"Les fleurs du mal" de Charles Baudelaire
XL
RÉVERSIBILITÉ
Ange plein de gaieté, connaissez-vous l’angoisse,
La honte, les remords, les sanglots, les ennuis,
Et les vagues terreurs de ces affreuses nuits
Qui compriment le cœur comme un papier qu’on froisse ?
Ange plein de gaieté, connaissez-vous l’angoisse ?
Ange plein de bonté, connaissez-vous la haine,
Les poings crispés dans l’ombre et les larmes de fiel,
Quand la Vengeance bat son infernal rappel,
Et de nos facultés se fait le capitaine ?
Ange plein de bonté, connaissez-vous la haine ?
Ange plein de santé, connaissez-vous les Fièvres,
Qui, le long des grands murs de l’hospice blafard,
Comme des exilés, s’en vont d’un pied traînard,
Cherchant le soleil rare et remuant les lèvres ?
Ange plein de santé, connaissez-vous les Fièvres ?
Ange plein de beauté, connaissez-vous les rides,
Et la peur de vieillir, et ce hideux tourment
De lire la secrète horreur du dévouement
Dans des yeux où longtemps burent nos yeux avides ?
Ange plein de beauté, connaissez-vous les rides ?
Ange plein de bonheur, de joie et de lumières,
David mourant aurait demandé la santé
Aux émanations de ton corps enchanté ;
Mais de toi je n’implore, ange, que tes prières,
Ange plein de bonheur, de joie et de lumières !
CHARLES BAUDELAIRE [*]
En confinement, ma fille et moi, comme c’est au programme, attaquons Les Fleurs du Mal de Charles Baudelaire, que nous lisons ensemble.
Elle, utilise une version récente de l’édition 1999 du Livre de Poche (préfacée par Yves Bonnefoy et établie par John E. Jackson), et moi, l’édition 1972 réalisée par Yves Florenne.
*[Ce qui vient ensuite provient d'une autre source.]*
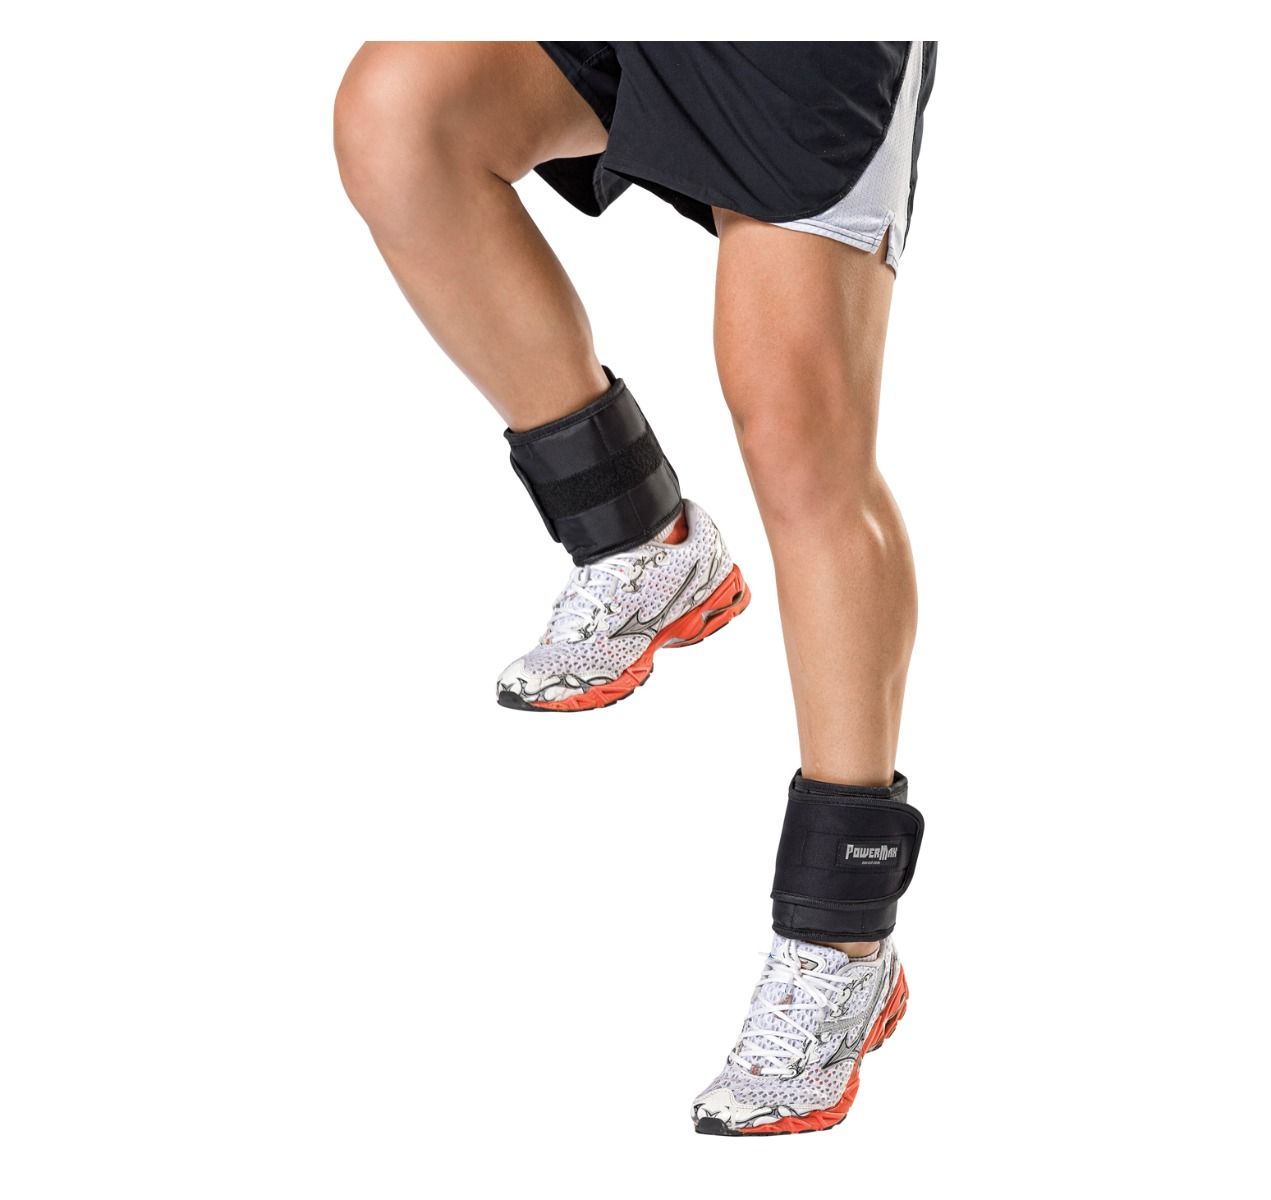 ADJUSTABLE ANKLE WEIGHTS

Or, très vite, je me suis aperçu que les numérotations et l’ordre des poèmes ne correspondaient pas (je consulte dorénavant le classique Garnier utilisant, comme la plupart, le texte de 1861).
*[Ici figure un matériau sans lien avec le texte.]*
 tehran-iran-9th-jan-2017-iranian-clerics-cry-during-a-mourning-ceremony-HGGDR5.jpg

En effet, un peu à contre-courant, Yves Florenne (dans la continuité de son édition des Œuvres complètes de Baudelaire au Club Français du Livre en 1966) avait choisi de reprendre d’abord les cent un poèmes de la première édition des Fleurs du Mal de 1857 chez Poulet-Malassis [**], avec les corrections de 1861 et 1866 (Les Épaves) mais en rejetant les modifications de 1868, faites après la mort du poète.
L’essentiel des éditeurs modernes considèrent avec raison que la deuxième édition refaite par Baudelaire lui-même en 1861 (toujours chez Poulet-Malassis), la dernière du vivant de l’auteur, doit servir de référence.
Cependant, Yves Florenne considérait que la censure des Fleurs — interdites en 1857 à cause des « pièces condamnées » — avait contraint Baudelaire, même s’il y avait ajouté de nouveaux poèmes, de réorganiser non librement son recueil. Et c’est pourquoi il en revenait en priorité à la pureté de l’édition originale, du Au lecteur aux cent (numérotés I à C) autres poèmes et à sa (très belle) construction savamment étudiée…
Michel Sender.
[*] Les fleurs du mal de Charles Baudelaire, préface de Marie-Jeanne Durry, édition établie selon un ordre nouveau, présentée et annotée par Yves Florenne, Le Livre de Poche, Librairie Générale Française, Paris, 1er trimestre 1972 ; XLIV + 404 pages.
[**] Disponible en consultation gratuite notamment sur Wikisource et Gallica de la BNF.